Source records below:
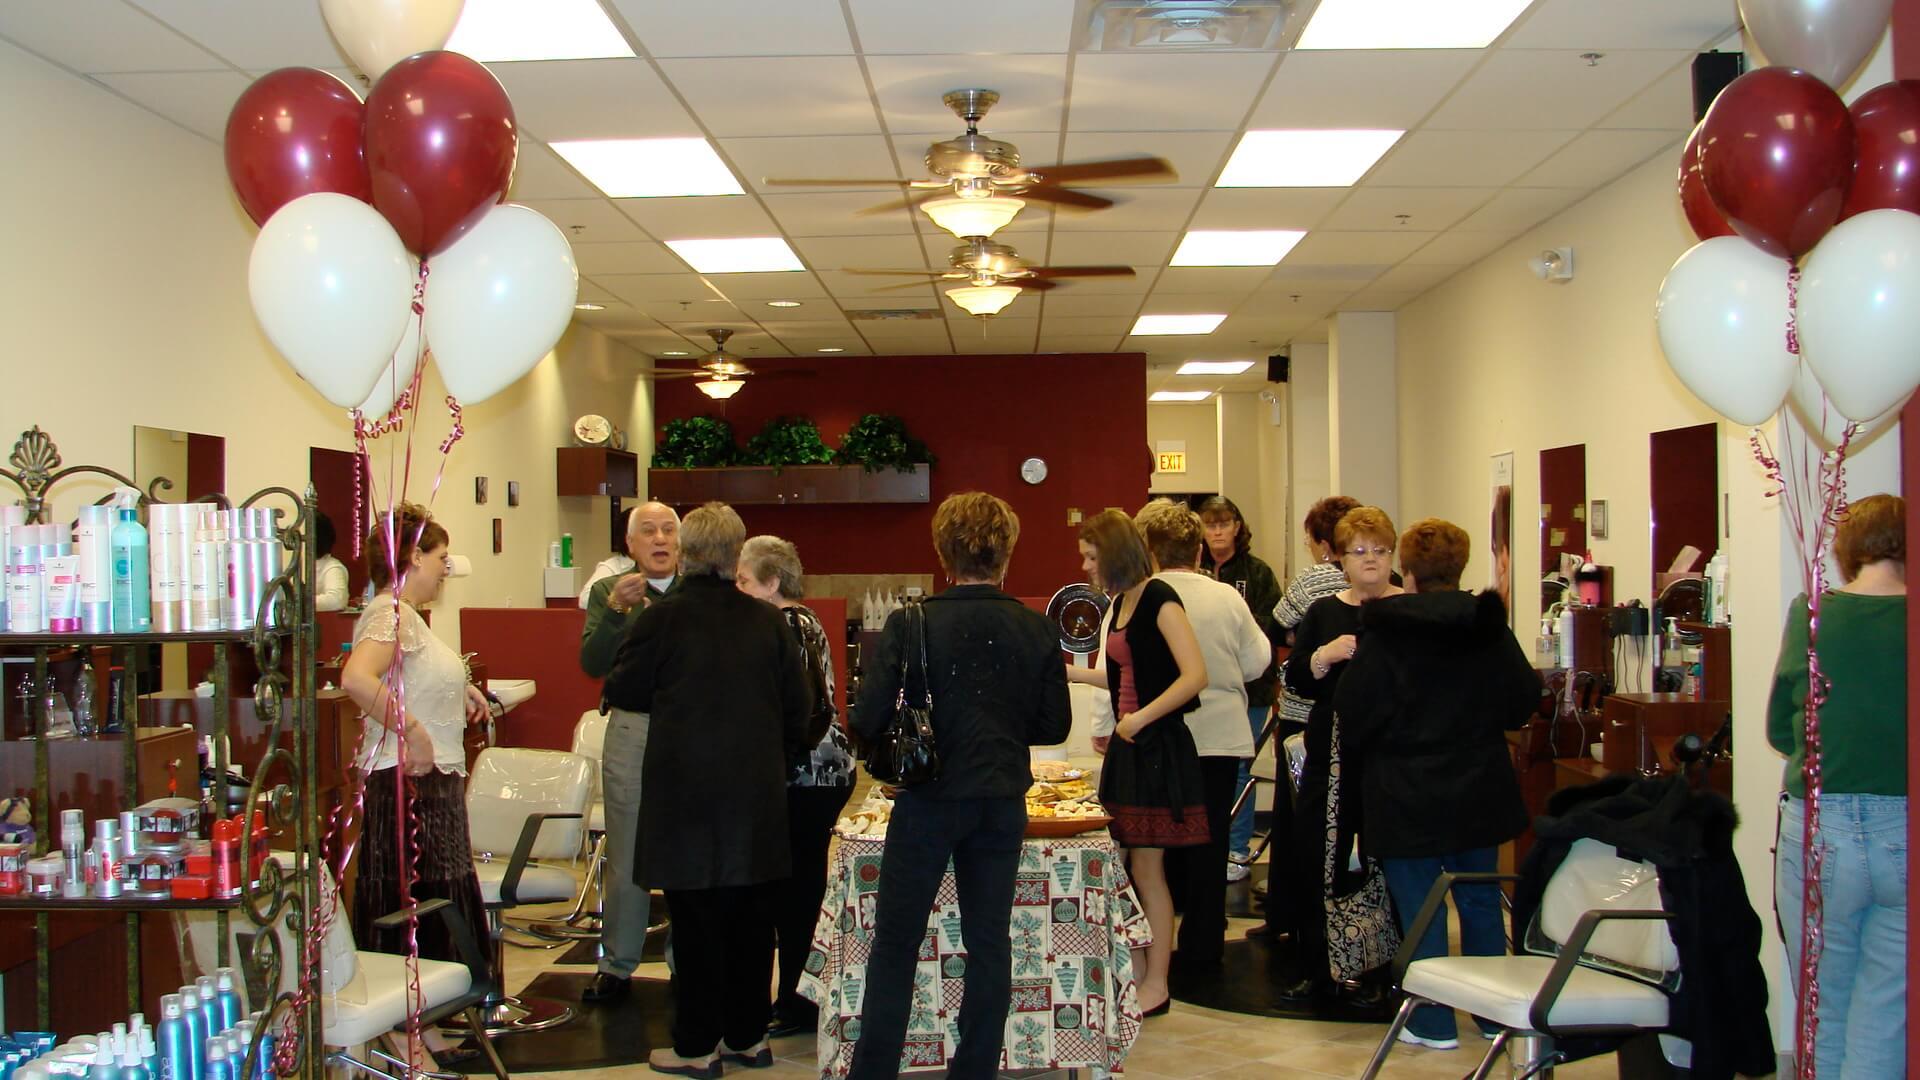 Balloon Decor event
End of Source records.
Source records below:
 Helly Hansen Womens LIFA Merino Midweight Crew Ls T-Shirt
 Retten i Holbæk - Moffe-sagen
End of Source records.
Source records below:
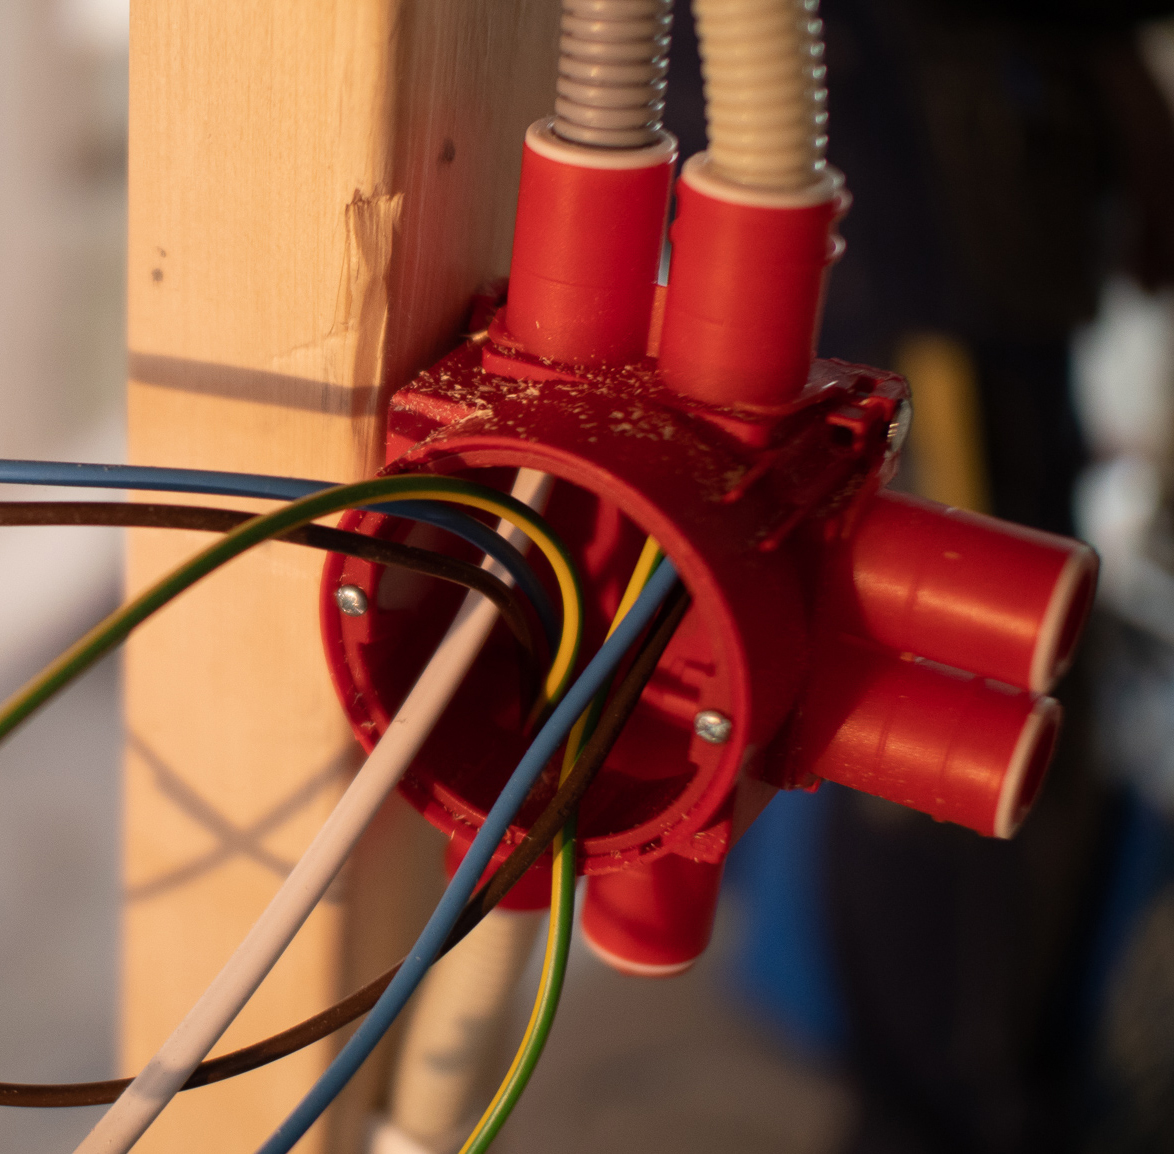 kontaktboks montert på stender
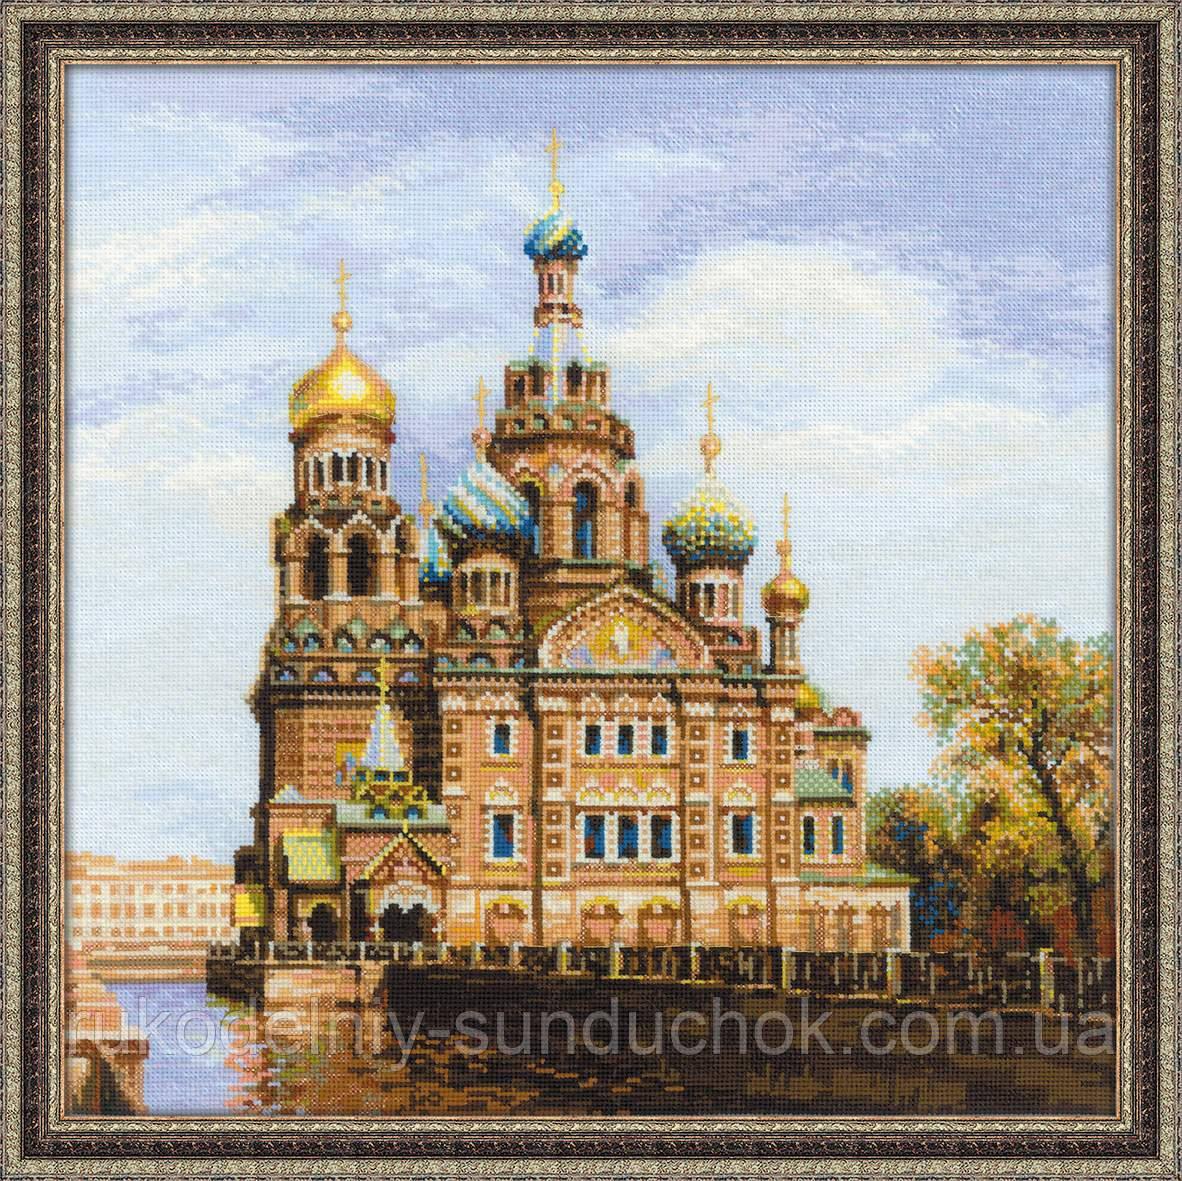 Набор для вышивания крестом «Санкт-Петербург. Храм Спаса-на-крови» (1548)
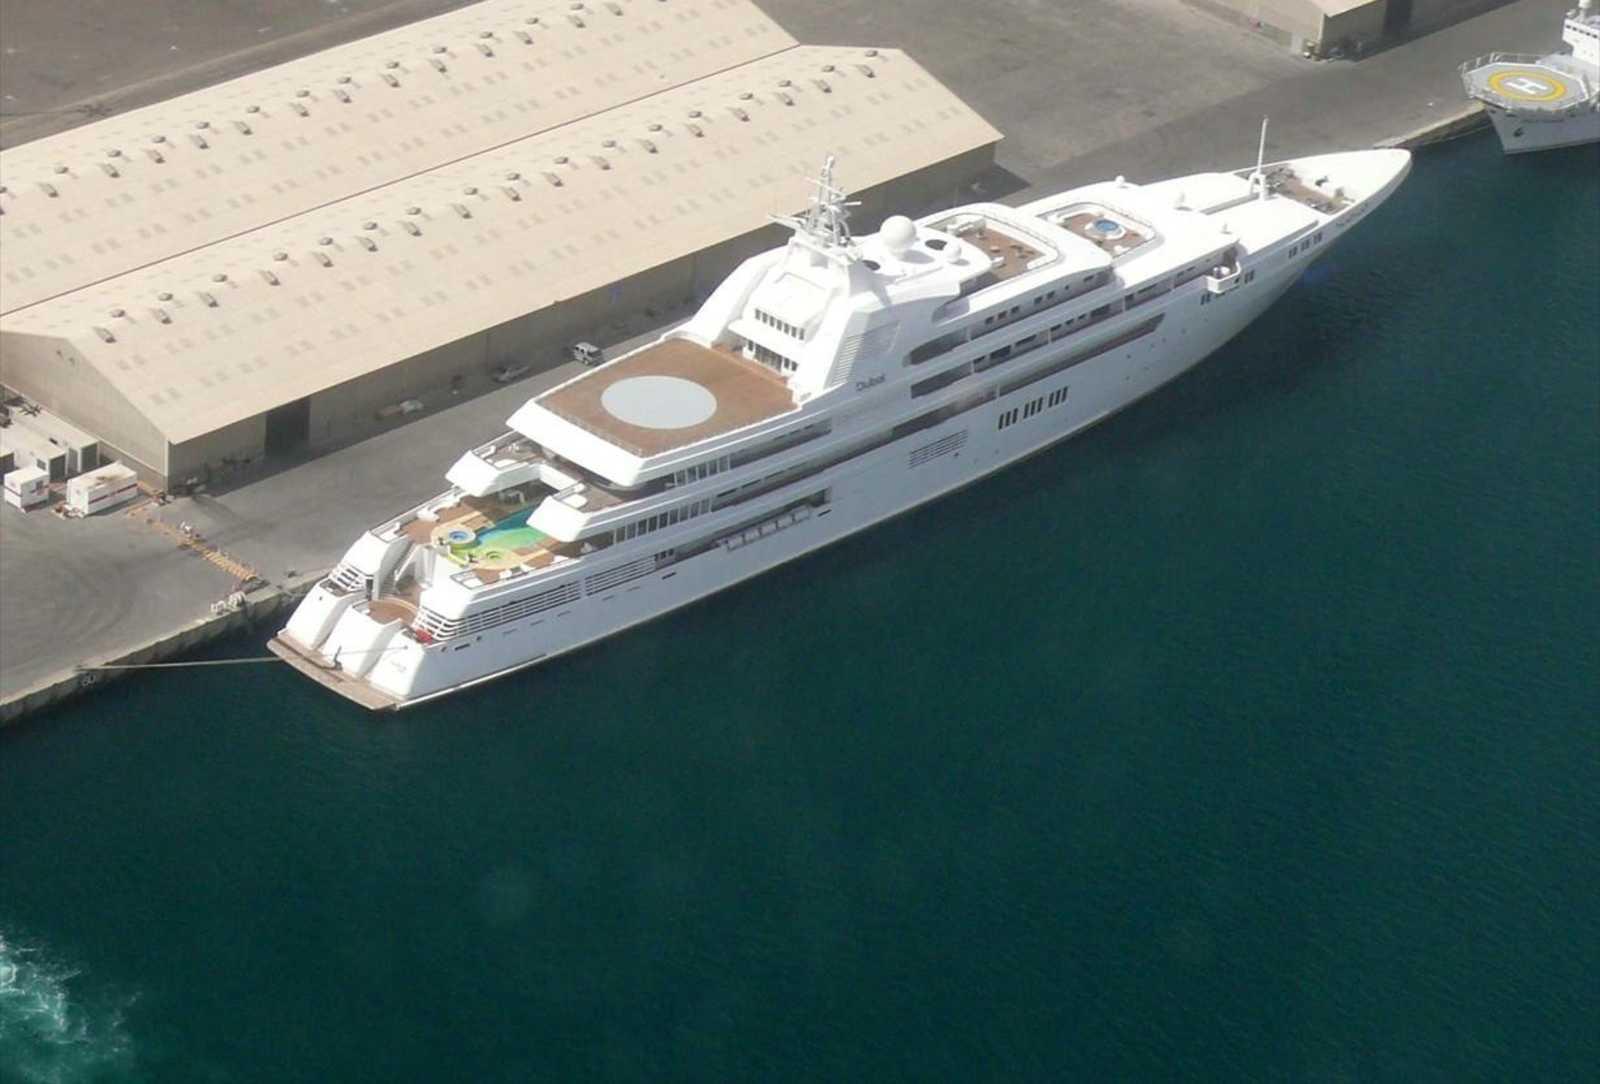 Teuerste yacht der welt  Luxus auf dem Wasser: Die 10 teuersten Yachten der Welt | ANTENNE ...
End of Source records.
__What the exercise asks__:
In the listing above, find the line with "Helly Hansen Womens" and the line with "Retten i Holbæk - Moffe-sagen", then reproduce both and every line between them exactly.

__Problem solution__:
 Helly Hansen Womens LIFA Merino Midweight Crew Ls T-Shirt
 Retten i Holbæk - Moffe-sagen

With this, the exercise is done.